Silibinin enhances ultraviolet B-induced apoptosis in mcf-7 human breast cancer cells.

PURPOSE: Chemotherapies for breast cancer generally have strong cellular cytotoxicity and severe side effects. Thus, significant emphasis has been placed on combinations of naturally occurring chemopreventive agents. Silibinin is a major bioactive flavonolignan extracted from milk thistle with chemopreventive activity in various organs including the skin, prostate, and breast. However, the mechanism underlying the inhibitory action of silibinin in breast cancer has not been completely elucidated. Therefore, we investigated the effect of silibinin in MCF-7 human breast cancer cells and determined whether silibinin enhances ultraviolet (UV) B-induced apoptosis.
METHODS: The effects of silibinin on MCF-7 cell viability were determined using the MTT assay. The effect of silibinin on PARP cleavage, as the hallmark of apoptotic cell death, and p53 protein expression in MCF-7 cells was analyzed using Western blot.

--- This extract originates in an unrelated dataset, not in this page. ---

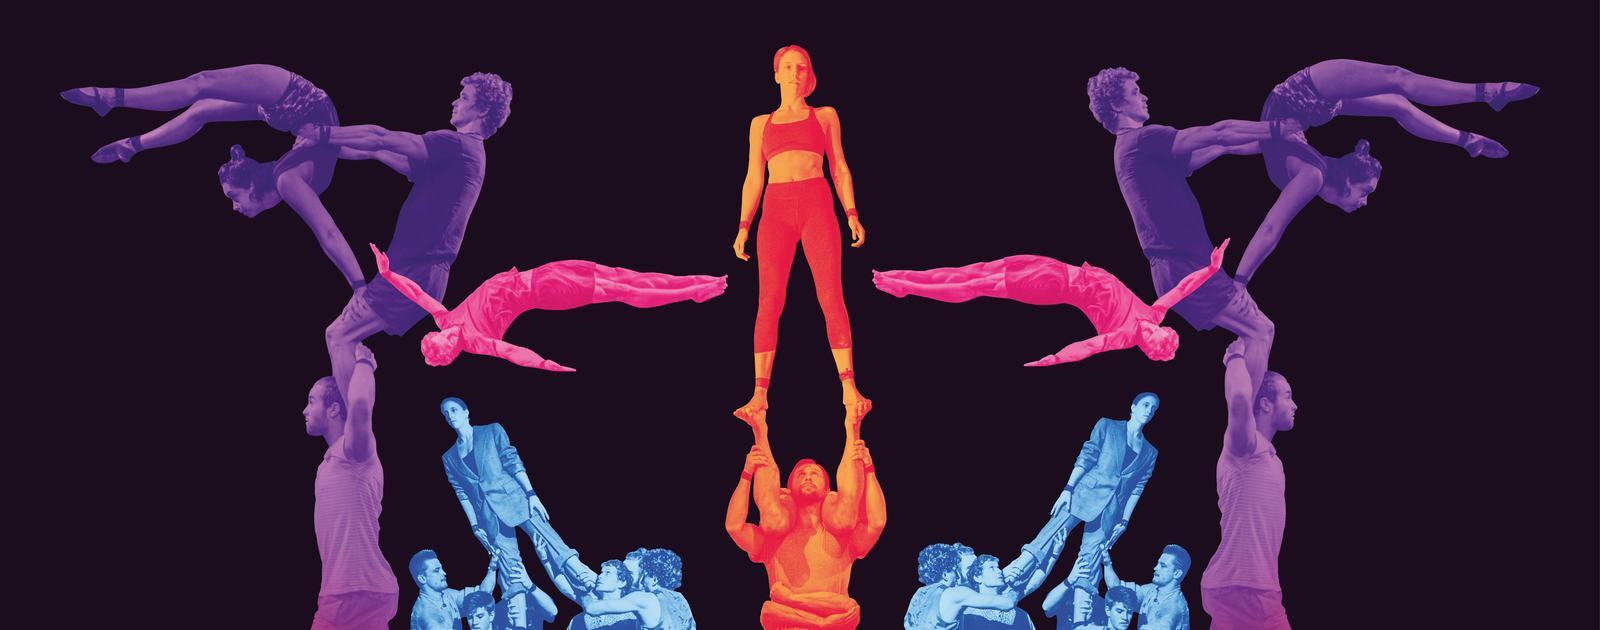 Acrobats, backbone performance

The effect of silibinin on UVB-induced apoptosis in MCF-7 cells was analyzed by flow cytometry.
RESULTS: A dose- and time-dependent reduction in viability was observed in MCF-7 cells treated with silibinin. Silibinin strongly induced apoptotic cell death in MCF-7 cells, and induction of apoptosis was associated with increased p53 expression. Moreover, silibinin enhanced UVB-induced apoptosis in MCF-7 cells.
CONCLUSION: Silibinin induced a loss of cell viability and apoptotic cell death in MCF-7 cells. Furthermore, the combination of silibinin and UVB resulted in an additive effect on apoptosis in MCF-7 cells. These results suggest that silibinin might be an important supplemental agent for treating patients with breast cancer.

INTRODUCTION

Breast cancer is the most common cause of cancer death in women [1]. Systemic treatments for breast cancer include cytotoxic, hormonal, and immunotherapeutic agents. Although many anti-cancer therapies are clinically applicable, they generally have strong cellular cytotoxicity and severe side effects [2]. To develop novel strategies that increase the therapeutic efficacy and minimize the systemic toxicity of chemotherapeutic agents, more efforts are being directed towards investigating dietary supplements and other phytotherapeutic agents for their synergistic efficacy with anticancer drugs. Silibinin is one of these agents that has shown chemopreventive and anticancer effects in various studies [3-6].

Silibinin is the major active constituent of silymarin, which is a mixture of flavonolignans extracted from blessed milk thistle (Silybum marianum). Milk thistle extracts have been used for centuries in traditional medicine, and they are widely consumed herbal remedies with several putative beneficial effects on health, such as hepatoprotective properties. Consuming silibinin is safe and non-toxic in animals and humans, as no substantial adverse effects have been reported when silibinin is given to humans and rodents at doses as high as 1% (w/w) or 2 g/kg body weight [7,8]. Many studies have shown that silibinin blocks experimentally induced malignancies of the prostate, skin, and colon [8-10]. Human trials of silibinin are underway for treating prostate cancer, and a completed phase I study has shown no toxic effects [11]. Silibinin plays an important role in breast cancer cells [2,12]. However, the molecular mechanisms associated with the chemopreventive effects of silibinin have not been clearly and systemically elucidated for breast cancer. Therefore, we initiated studies to determine whether silibinin induces apoptosis in breast cancer cells.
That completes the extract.